BEGIN Material provided

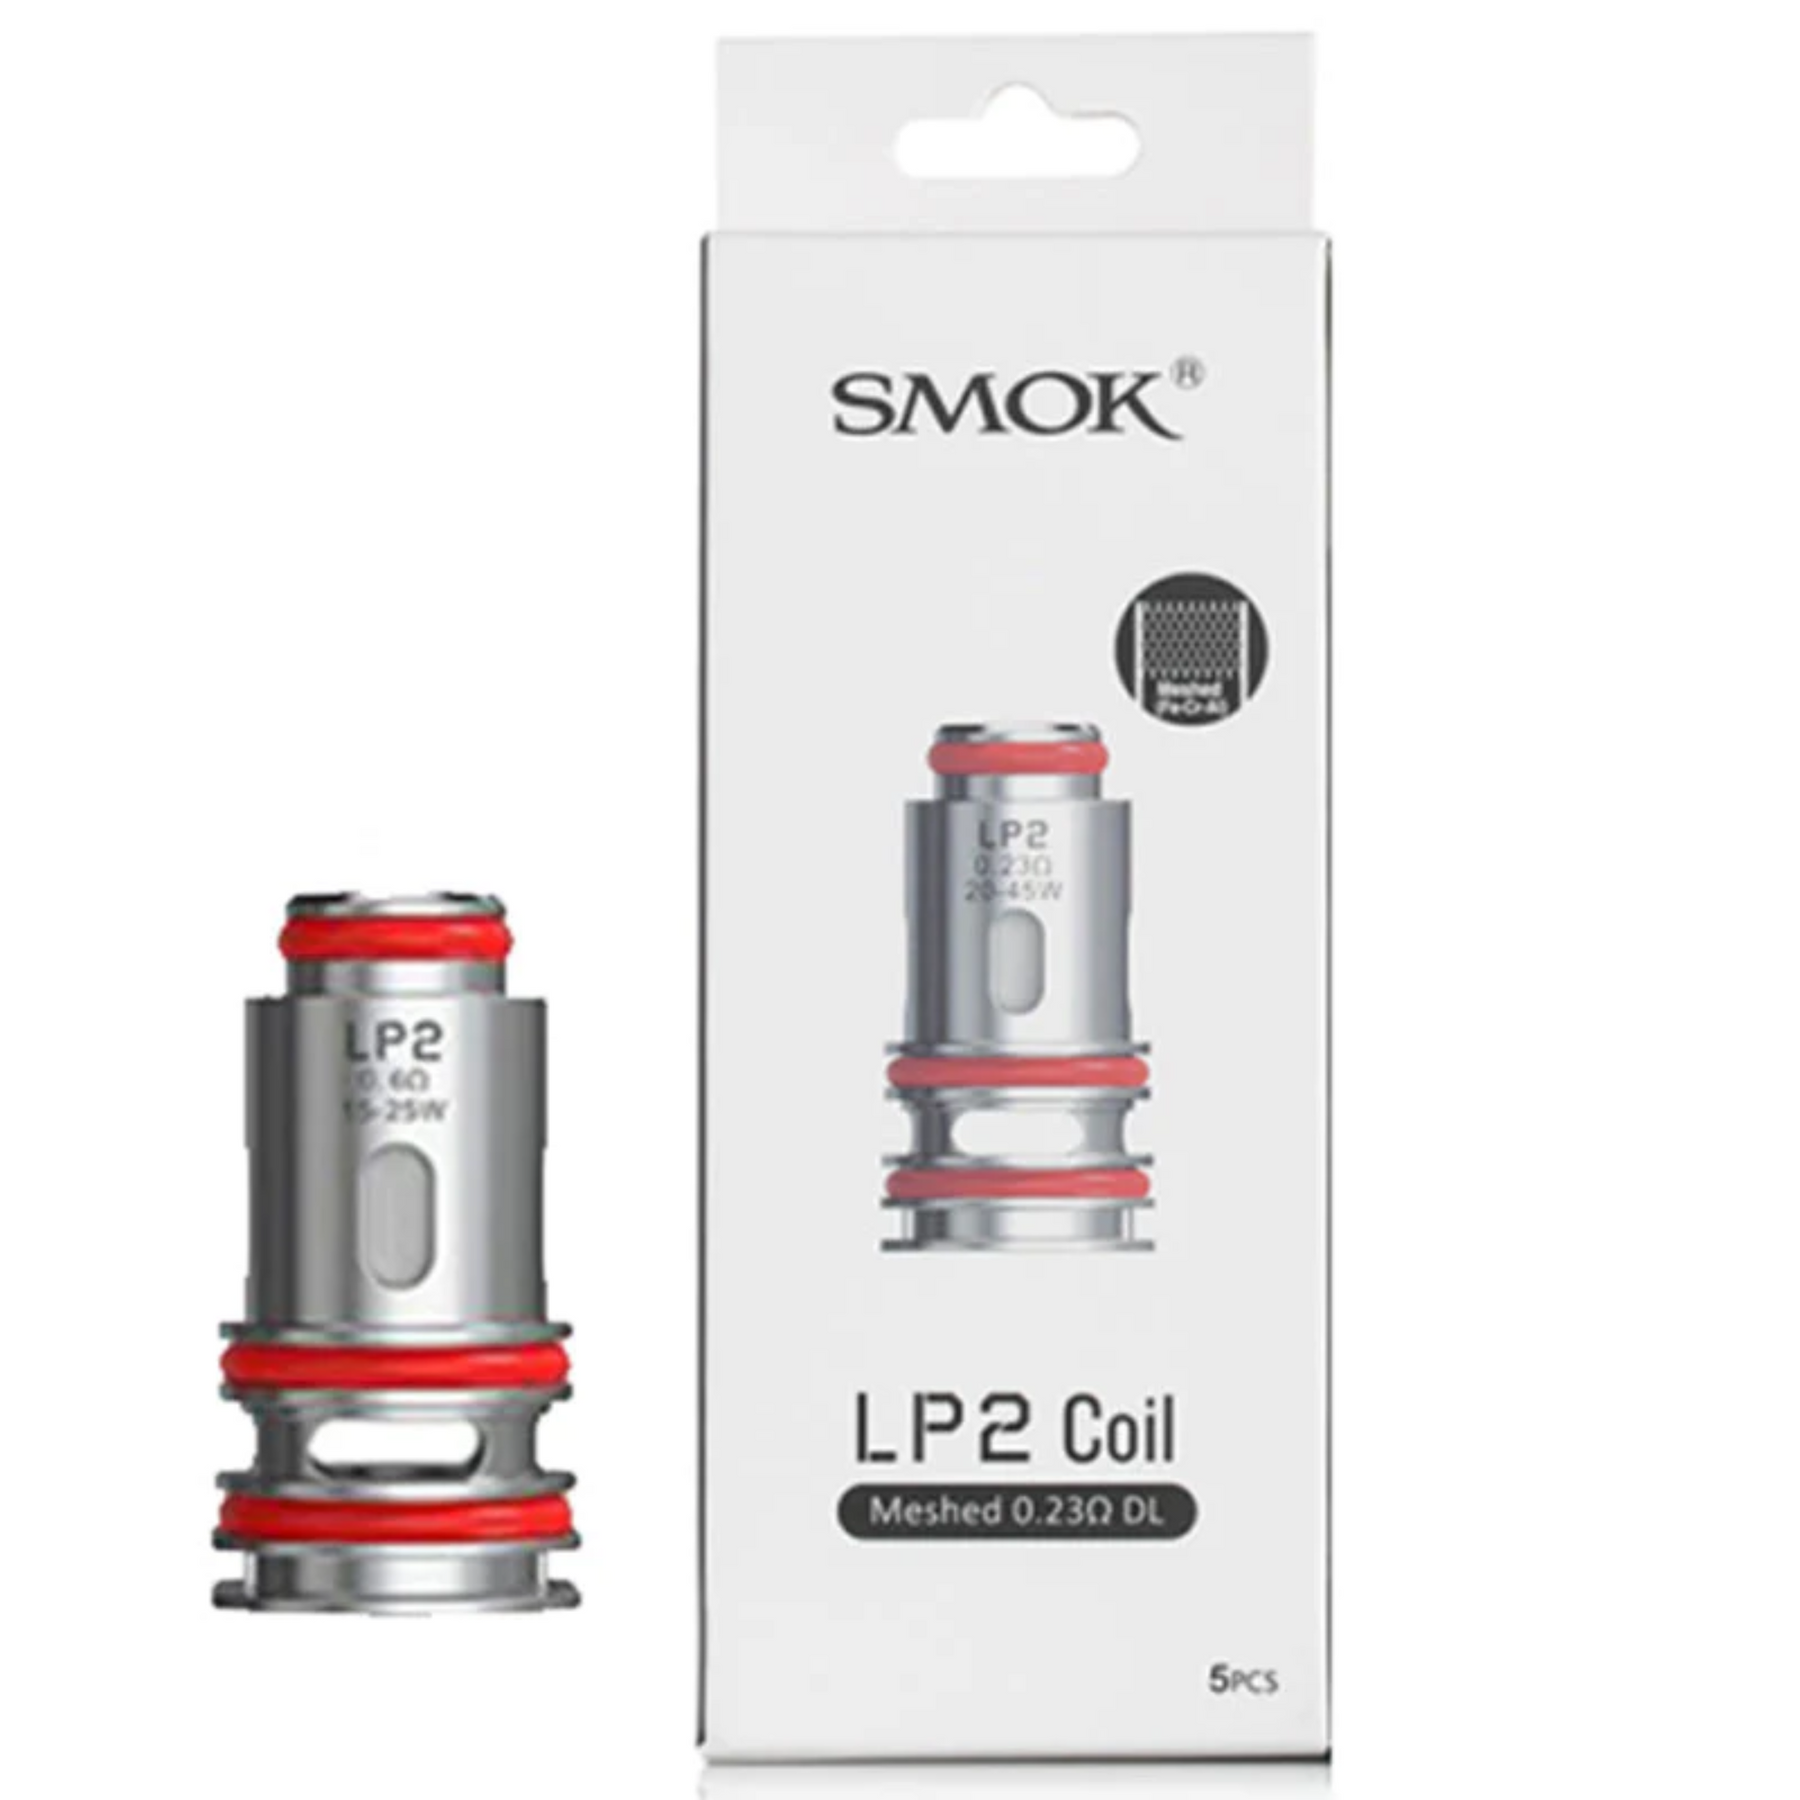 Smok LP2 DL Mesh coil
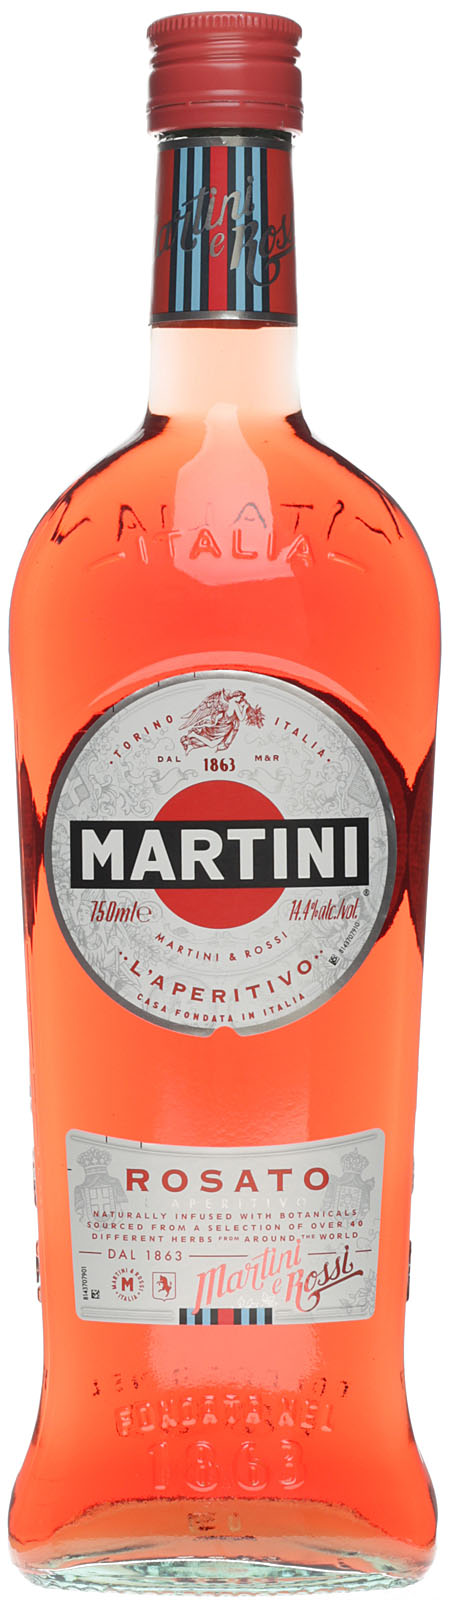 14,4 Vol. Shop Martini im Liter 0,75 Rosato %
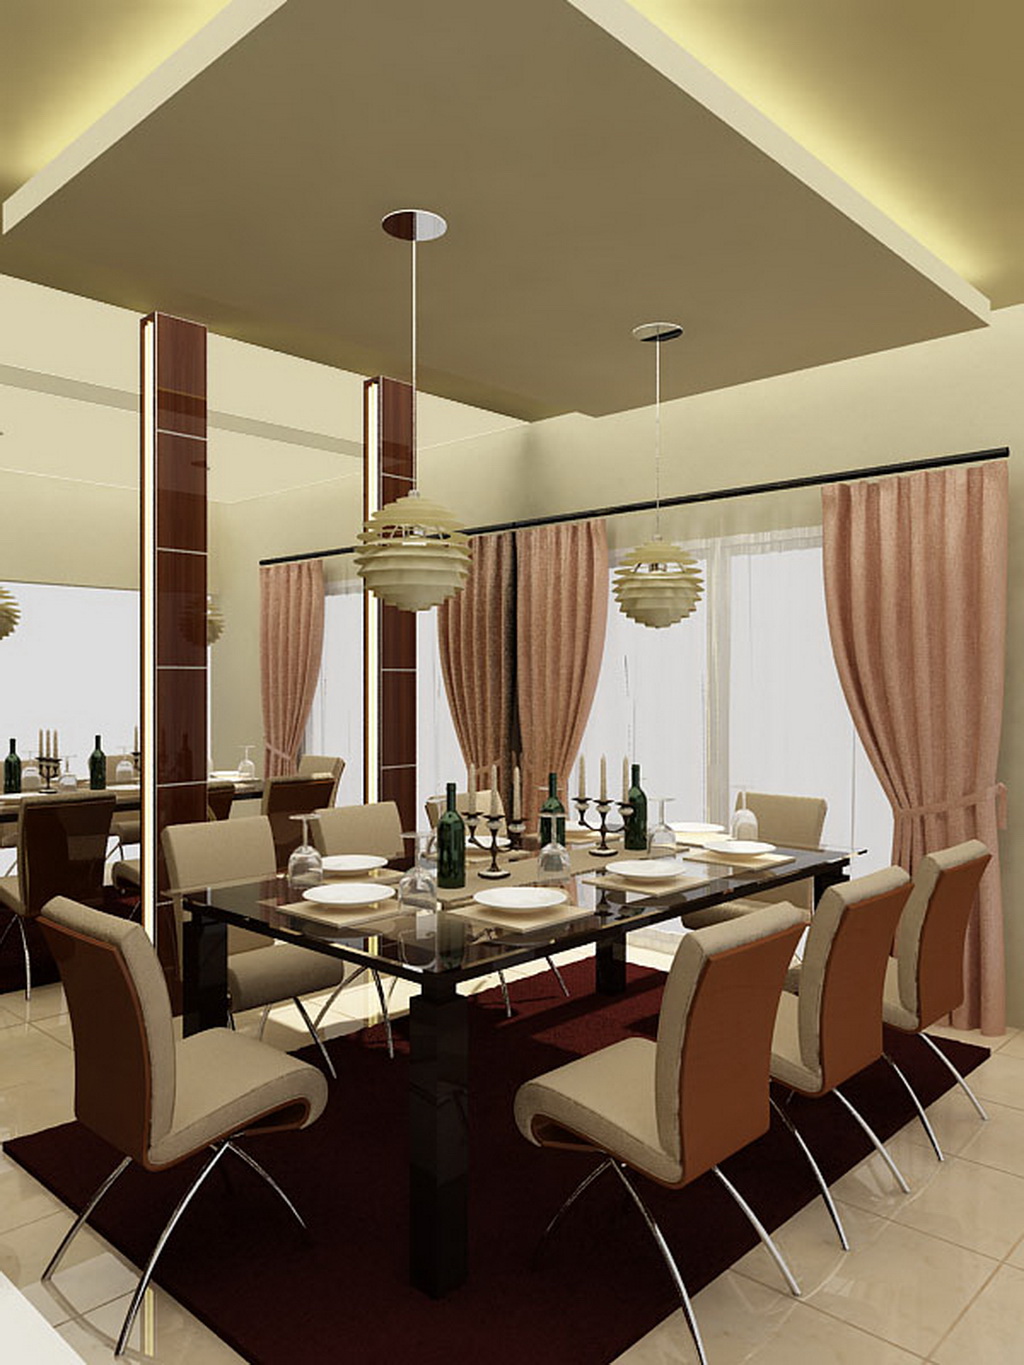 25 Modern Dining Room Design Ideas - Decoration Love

END Material provided

### Task requirements
Give an exact copy of the data, and omit any pictures it holds.

### Your response
 Smok LP2 DL Mesh coil
 14,4 Vol. Shop Martini im Liter 0,75 Rosato %
 25 Modern Dining Room Design Ideas - Decoration Love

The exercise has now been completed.